I looked at the wound carefully. It looked like it was probably three days old. The tissues around the wound were only slightly swollen. It was about 3 inches long with a little corner flap at one end.

“This wound is old enough that it could have happened Tuesday,” I said. “I can clean it up and cut away a little bit of the dry skin edge, and it will close up pretty well. I have to tell you, though, it will heal fine if we just treat it as an open wound. The choice is yours. It is just dollars and cents.”

“Dollars and cents, don’t I know that,” Alex said. “This is my daughter’s horse. We bought Misty for her thirteenth birthday. Boy, was she ever happy! I rented this pasture, and she was on this horse every spare minute. She would even ride her bike out here after school to ride her horse.”

“That sounds great,” I said. “Gave her something to do and teaches responsibility at the same time.”

“Yes, it was all of that, Doc,” Alex said. “But you know Doc, sixteen happens. She turned sixteen, and the boys started hanging around, and this poor horse looked like a forgotten rag doll. She hasn’t been on this horse for over two years now.”

“That is sort of a sad story, but one that I have heard before,” I said. “Sometimes, they mature a little and remember the time they spent with the horse, and they come back.”

“That is what the wife said,” Alex said. “But in the meantime, I am the one who is out here every day, feeding and grooming this horse. I am the one out here to meet the farrier two or three times a year. I am the one who calls the vet and comes out here to hold the horse. No offense. Doc, but it gets a little old at times.”

“You could sell this horse in second,” I said.

“I know, we had talked about that. But the wife and the daughter end up in tears every time I bring up the subject. I think I’m stuck.”

“Does your daughter have a job,” I asked?

“Yes, she has a good job,” Alex said. “She saves her money. She has a boyfriend. And there is another guy who is hanging around all the time. Waiting, I guess.”
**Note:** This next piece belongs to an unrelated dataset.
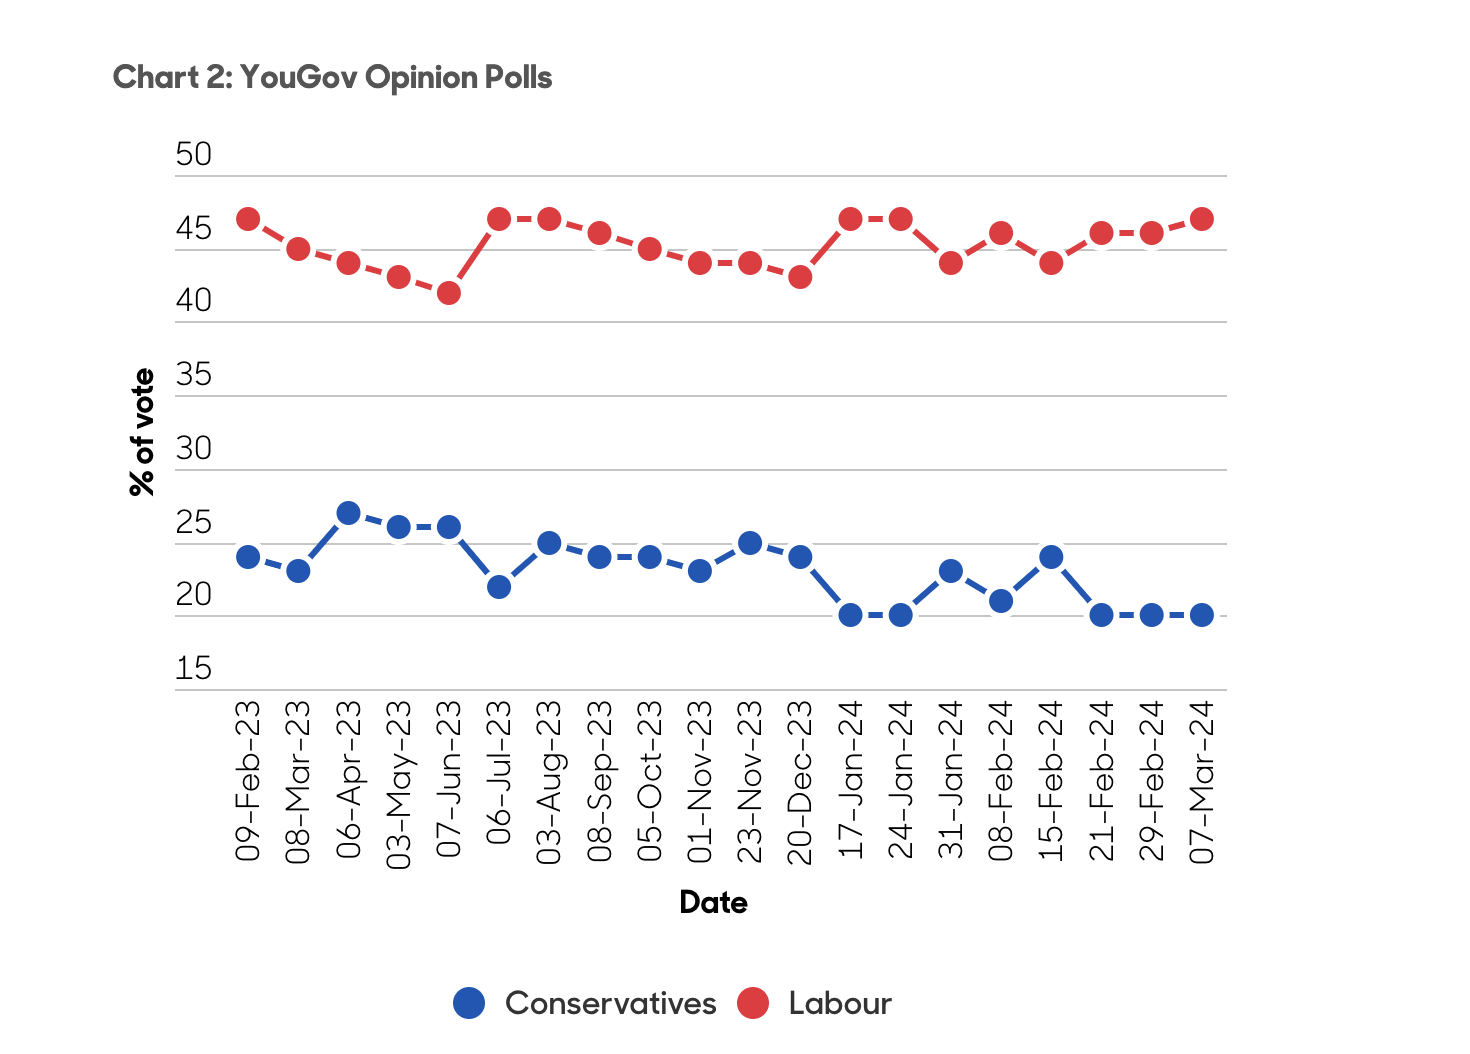 abrdn chart showing opinion polls for Tories and Labour

“So, let’s go ahead and clean this wound up and close it up,” I said. “I will give Misty a tetanus shot and some antibiotics. Then tonight, you hand your daughter the bill. Don’t say anything. Just put the ball in her court. If she is going to be paying her share of things, she will start riding again, or she will decide to sell this horse to another young girl who will ride it.”

“Are you sure all you do is work with animals?” Alex asked?

“Animals are owned by people, Alex. You can’t do this job in a vacuum. I hear a lot of kids say they want to be a veterinarian because they like animals. I tell them they had better like people, also.”

When I stopped by the pasture a few weeks later to take the sutures out of Misty. Alex’s daughter, Sharon, was waiting at the gate with Misty on a lead.

“This healed beautifully,” Sharon said. “When can start riding her?”

“Let me get those sutures out, and you can throw a saddle on her,” I said. “She is probably going to be ready for a little ride.”

“Yes, I have sort of ignored her for some time now,” Sharon said. “But I am going to start riding again. I have a couple of girlfriends who go up Quartsville Creek and ride some trails up there.”

“That sounds fun, but you want to work her into that sort of thing slowly. She hasn’t been doing much for a time now. It will take some riding to get her back into shape.”

“Yes, we will take it slow. I probably need that myself. And Doc, thanks for all you do.”

Photo by Marko Blažević on Unsplash

Published by d.e.larsen.dvm

Country vet for over 40 years in Sweet Home Oregon. I graduated from Colorado State University in 1975. I practiced in Enumclaw Washington for a year and a half before moving to Sweet Home to start a practice.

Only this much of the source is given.